Association of eRNA-level QTL (enhancer expression QTL or eeQTL) with gene-level QTL (gene expression QTL or geQTL)

(a) Distribution of cis-eeQTL location relative to the center of the enhancer. The majority of eeQTL SNPs (eeSNPs) were located within the enhancer region (1.5 kb upstream or downstream from the center of the eRNA) or within 40 kb upstream or downstream from the center of the eRNA (highlighted in red). For each eRNA, only the most significant cis-eeQTL was used for this analysis. (b) Correlation scatterplot for log2 fold-changes (log2FC) among cases with SCZ and controls for eRNA-gene pairs that have support for causal (n = 119), or reactive (n = 53) interactions. The correlation was significant only for eRNA-genes that support the causal model.

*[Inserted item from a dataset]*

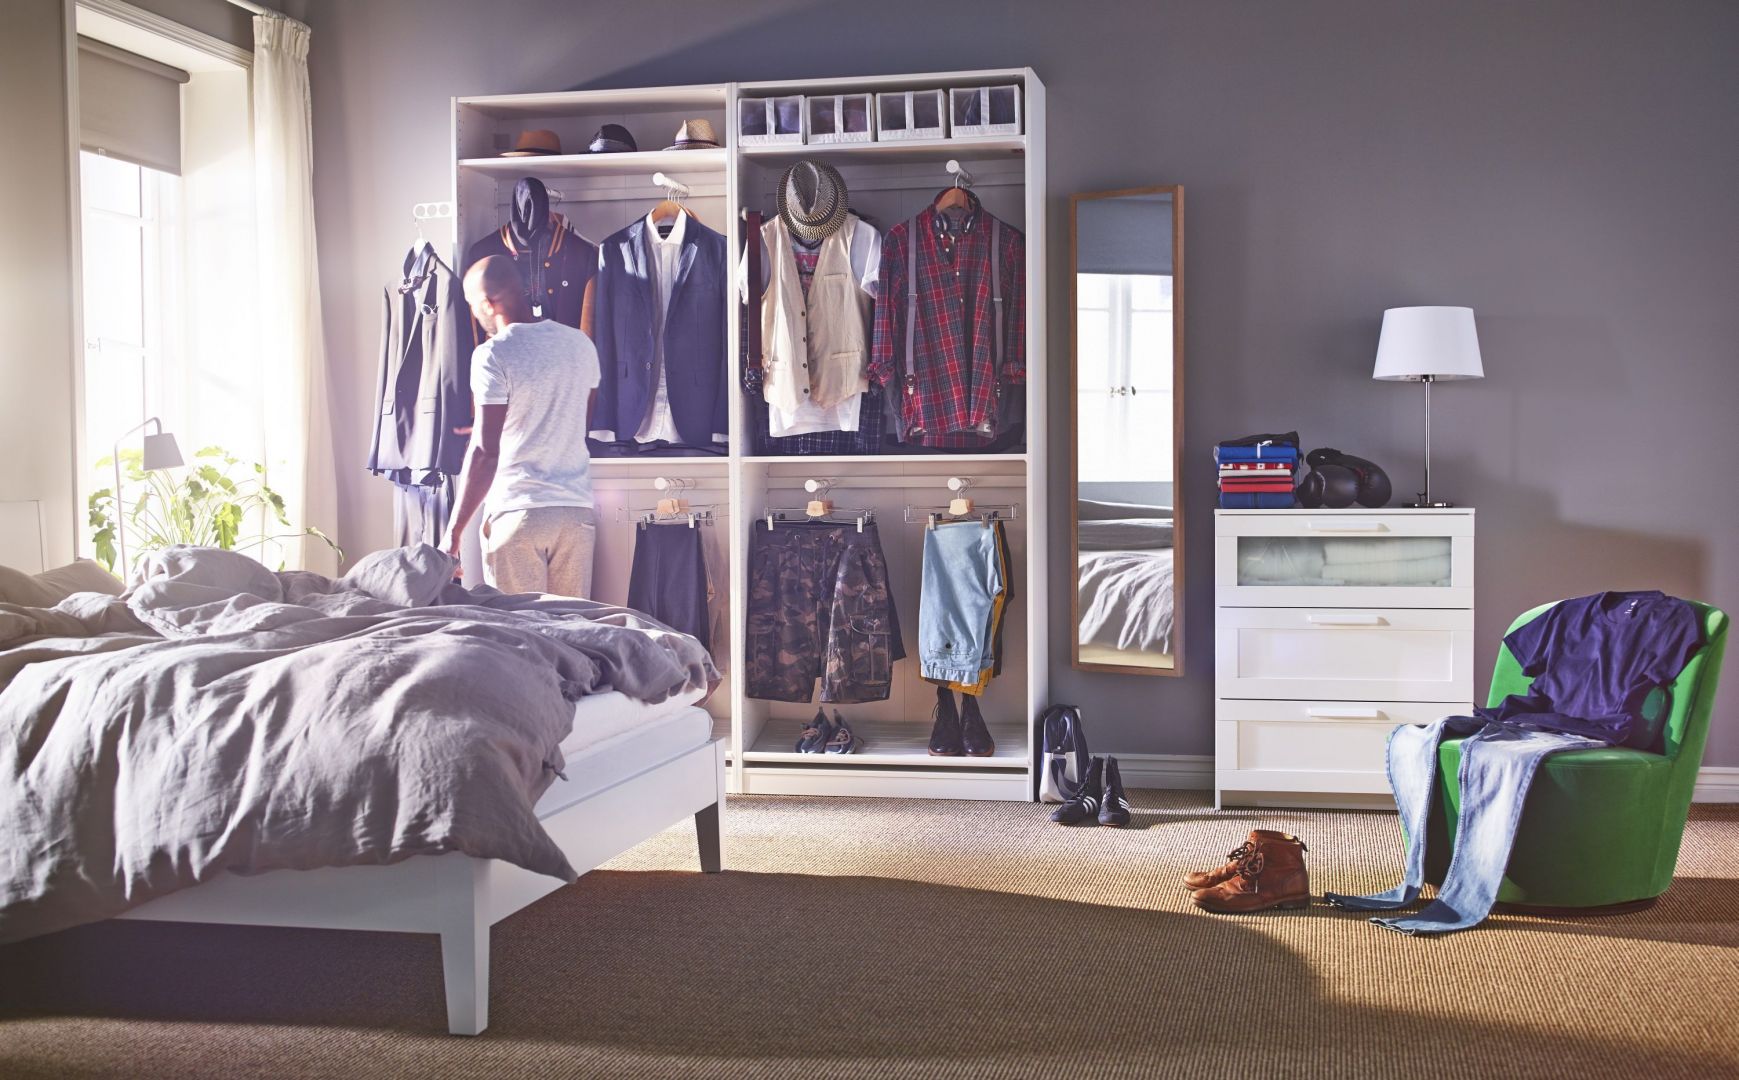 System szaf Pax marki IKEA pozwala na dopasowanie jej wnętrza do własnych potrzeb. Specjalny planner online sprawi, że zaplanujemy szafę nie wychodząc z domu. Fot. IKEA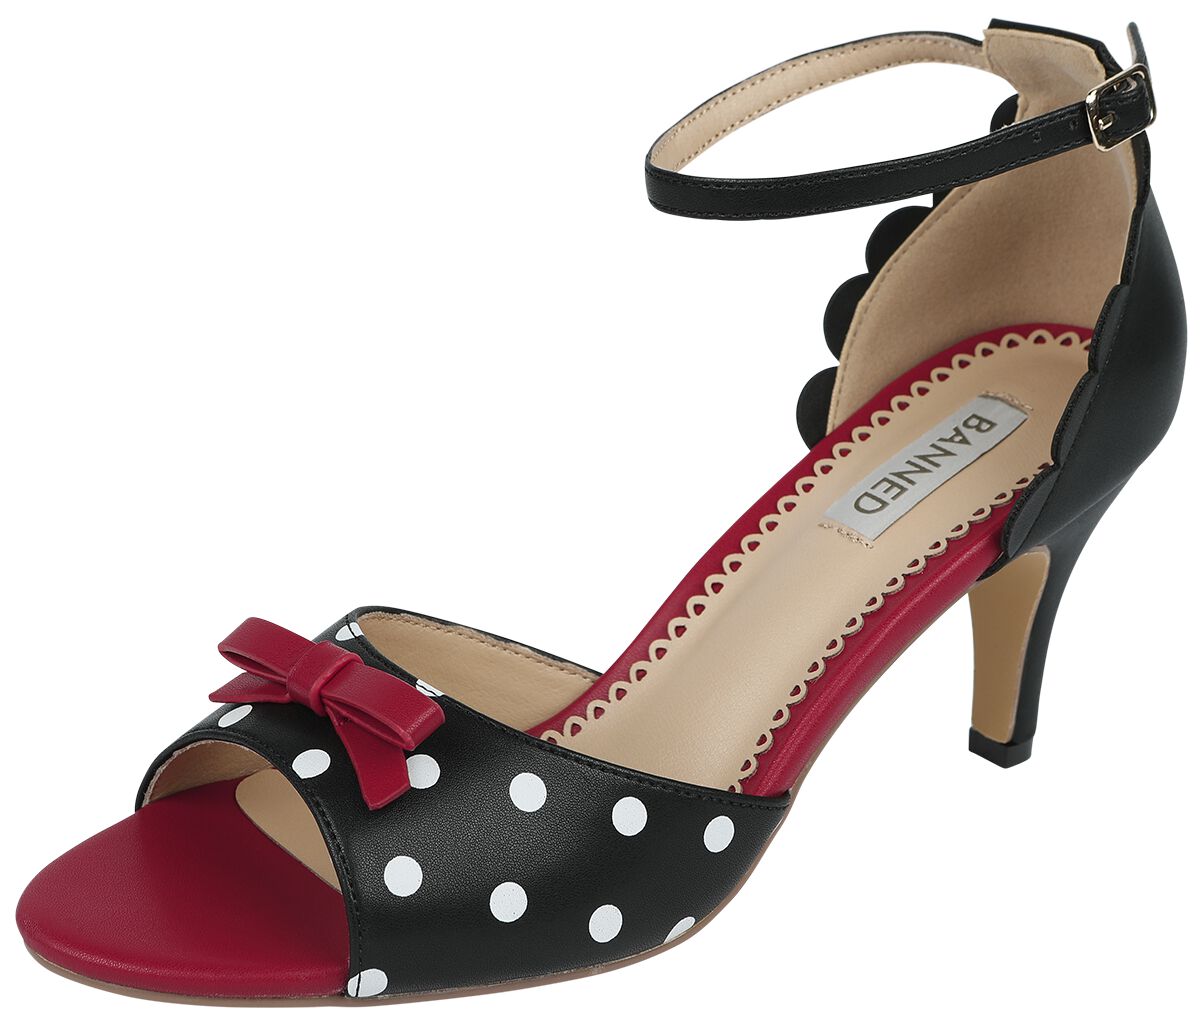 Banned Retro - Rockabilly High Heel - Poppy Polka Open Toe Sandals - EU36 bis EU41 - für Damen - Größe EU39 - schwarz/rot

Prior experiments have reported that, at least for some enhancers, sequence-specific eRNA transcripts contribute to enhancer-mediated transcriptional activation of neighboring coding genes[25]. To further explore this, we used a causal inference test (CIT)[19] to quantify the effect of eRNA regulation on gene expression and identified potential eRNA-gene pairs. CIT assesses eeQTL-geQTL pairs and identifies causal (SNP → eRNA → gene) or reactive (SNP → gene → eRNA) interactions. We examined 60,739 interactions (SNP, eRNA and gene interactions) and found more support for the causal (n = 2,772) than for the reactive (n = 198) model at FDR ≤ 0.05 (Exact binomial test: P < 2.2 × 10−16). This included an excess number of unique eRNA-gene pairs that have support from at least one significant interaction for the causal (n = 119), compared to the reactive (n = 53) model (Exact binomial test: P < 5.3 × 10−7). Linked eRNA-genes based on the CIT causal model show similar differential expression changes in SCZ compared to controls (Pearson’s r = 0.48, P = 2.8×10−8, empirical P < 0.001; Figure 3b), pointing to a potential upstream dysregulation of eRNAs that drives downstream effects of gene expression in SCZ. No significant correlation is observed for eRNA-gene pairs that have support from the reactive model (Pearson’s r = 0.21, P = 0.13, empirical P = 0.37).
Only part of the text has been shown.